SUPPLIED INFORMATION:

-- Opening Marker --

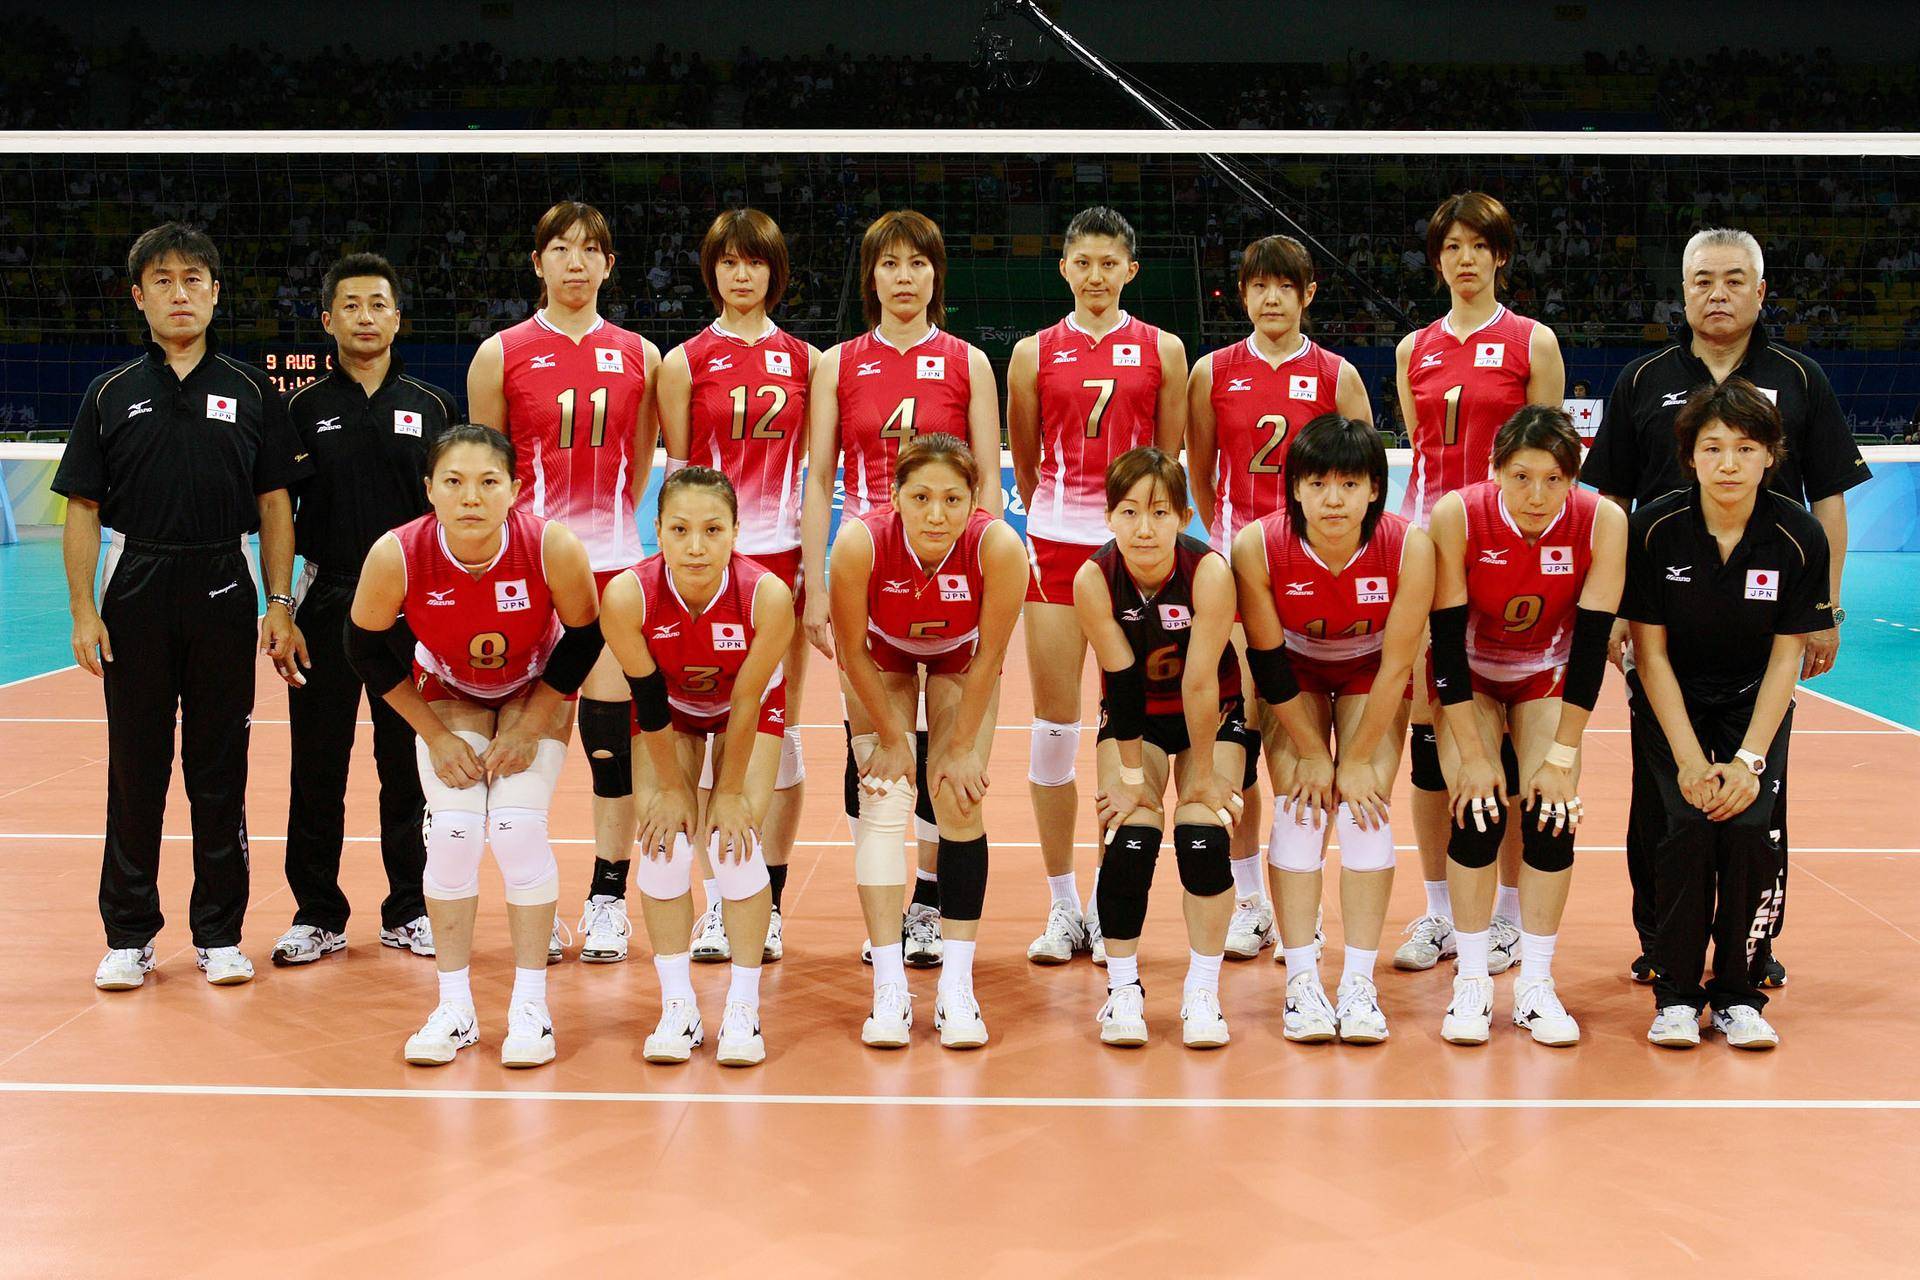 Đội hình bóng chuyền nữ Nhật Bản có chiều cao hạn chế
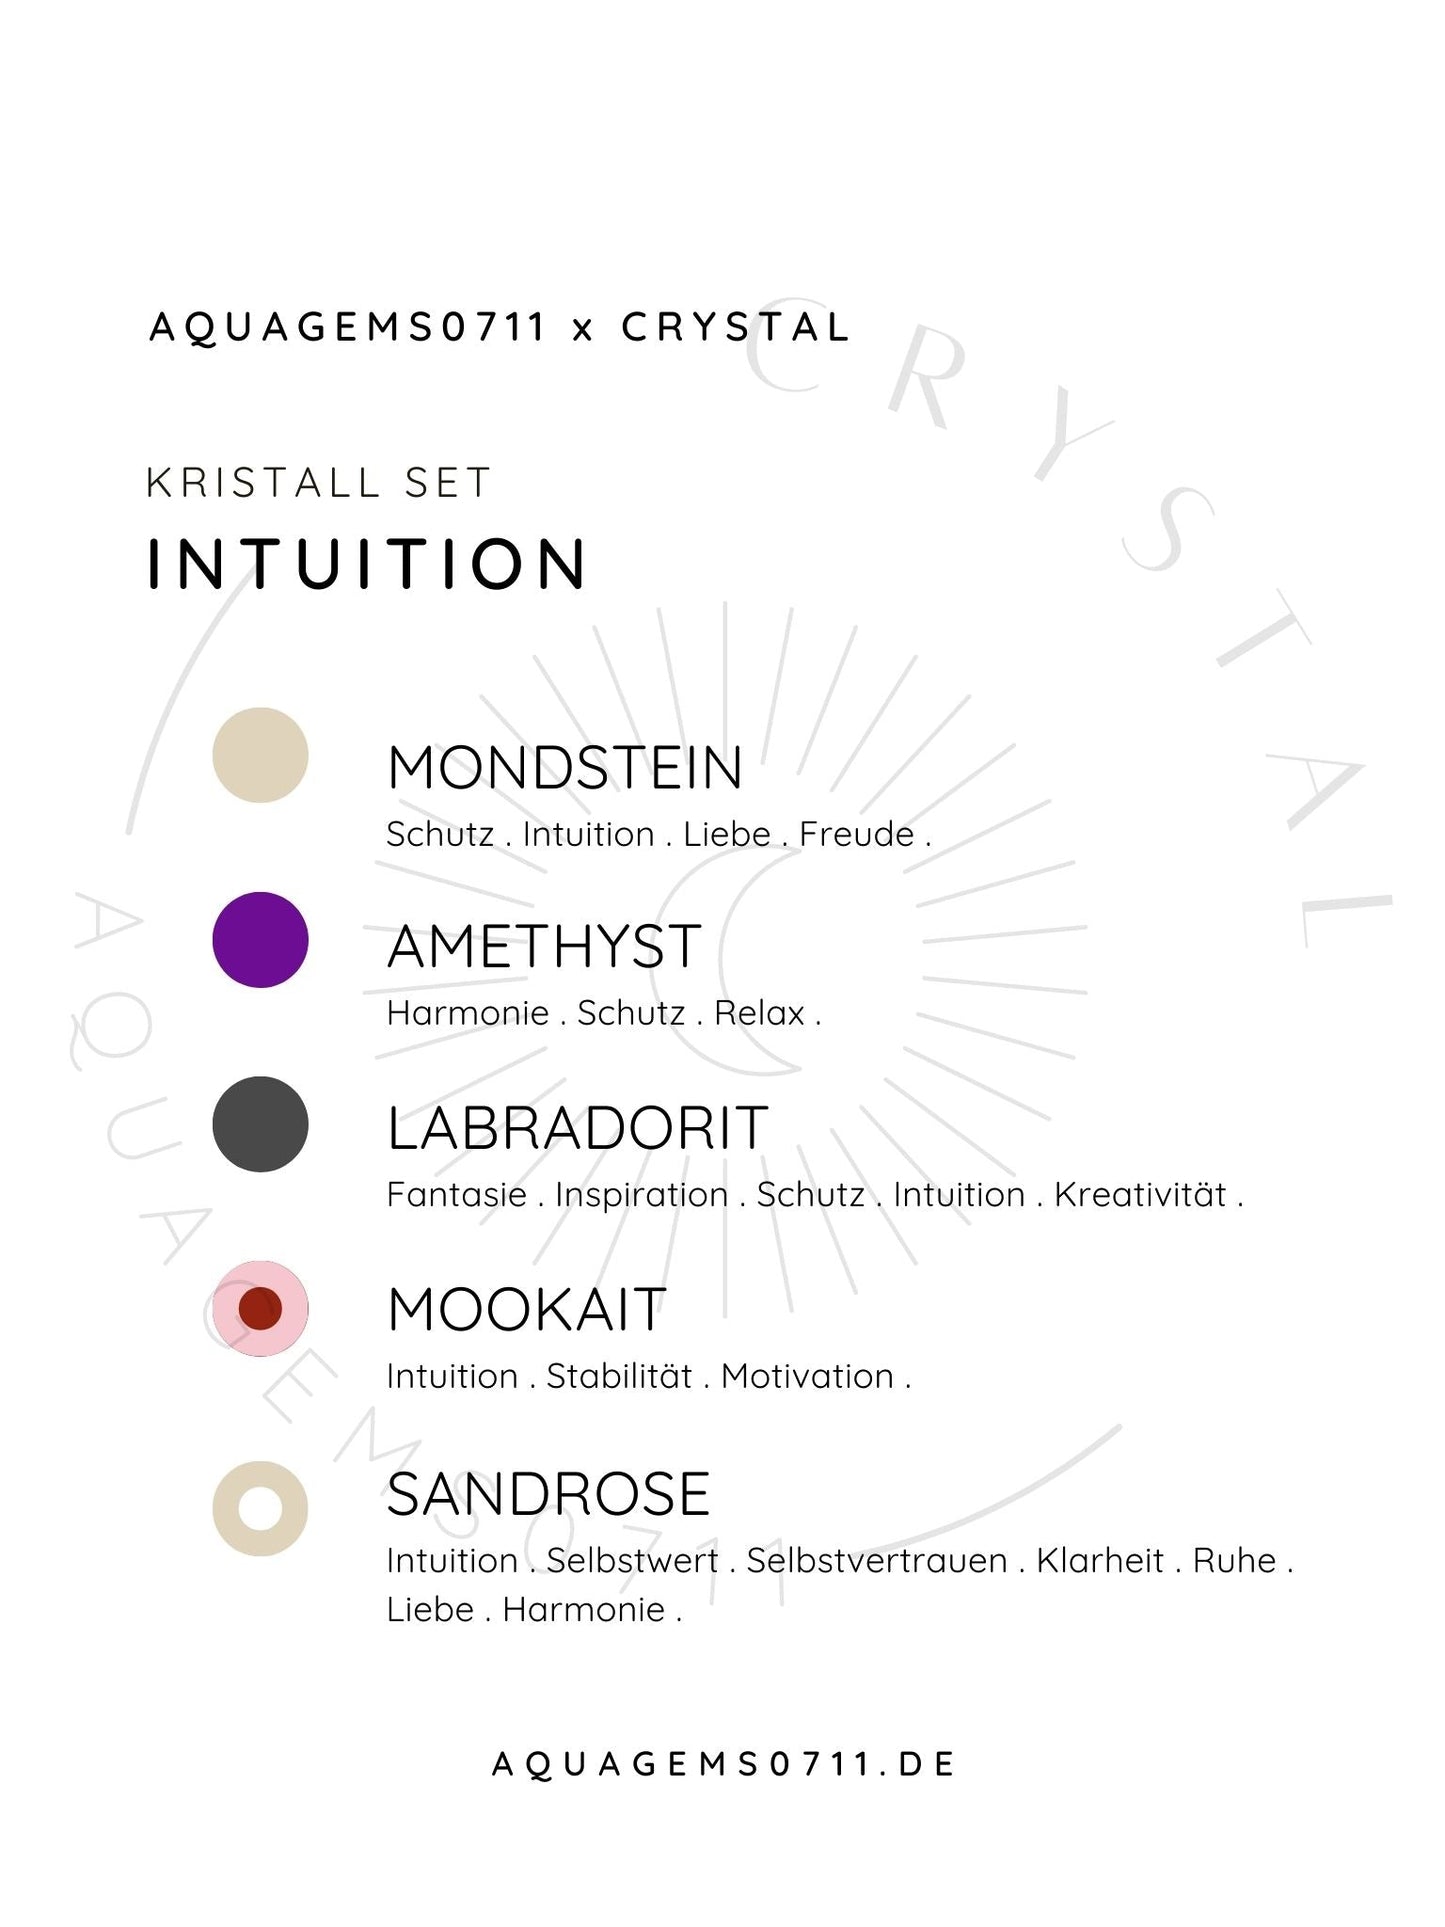 Kristall Set Intuition . CRYSTAL KIT INTUITION . Mondstein . Amethyst . Labradorit . Mookait . Sandrose
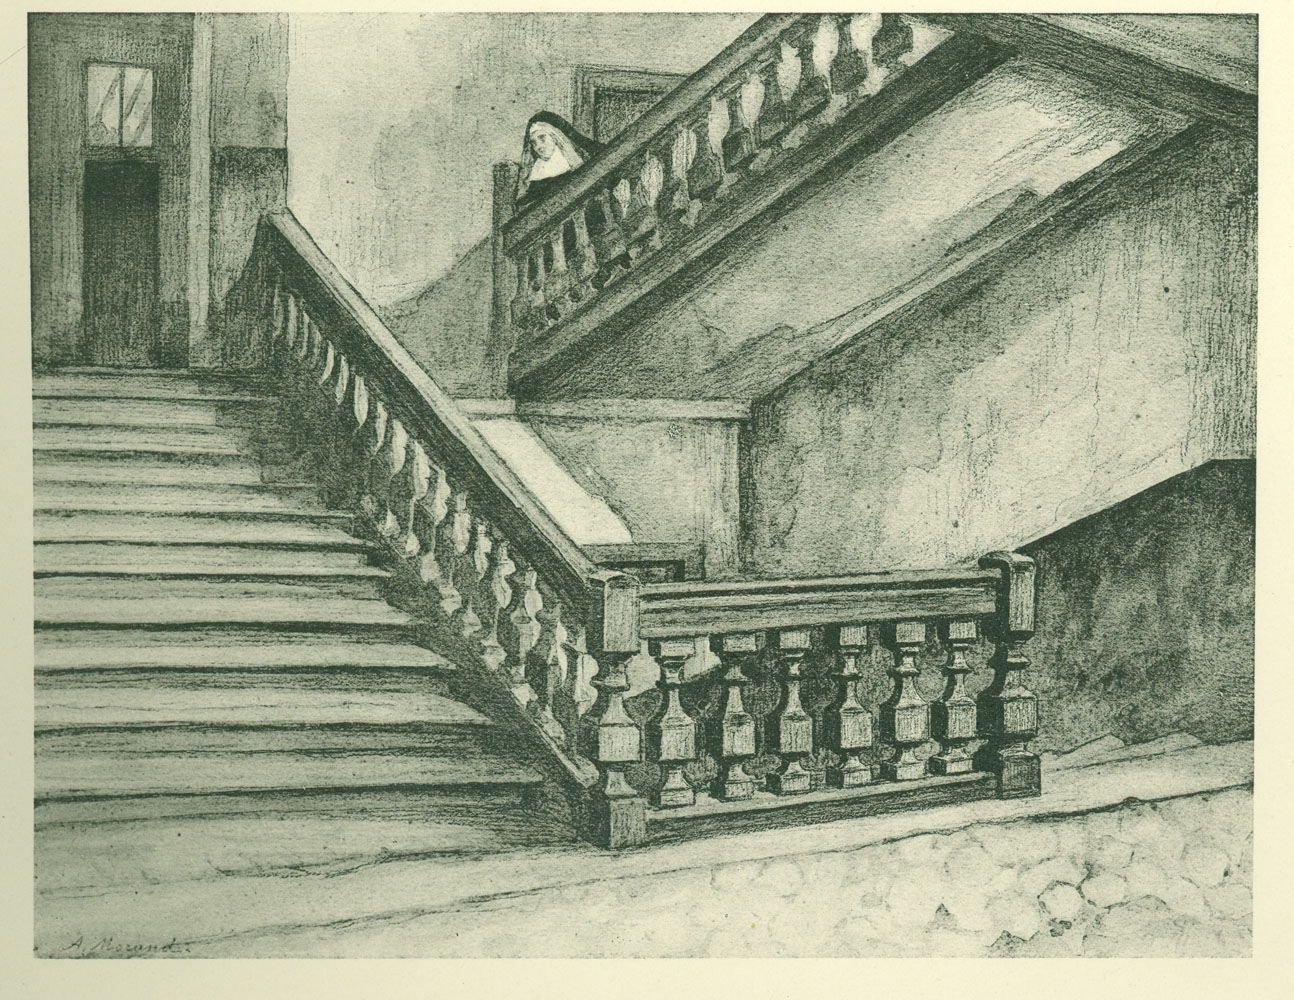 Sœurs de Marie-Joseph, interior staircase, sister

-- Closing Marker --

ASSIGNED TASK: Please restate the data word for word, leaving out any picture it holds.

RESPONSE TO THIS TASK:
 Đội hình bóng chuyền nữ Nhật Bản có chiều cao hạn chế
 Kristall Set Intuition . CRYSTAL KIT INTUITION . Mondstein . Amethyst . Labradorit . Mookait . Sandrose
 Sœurs de Marie-Joseph, interior staircase, sister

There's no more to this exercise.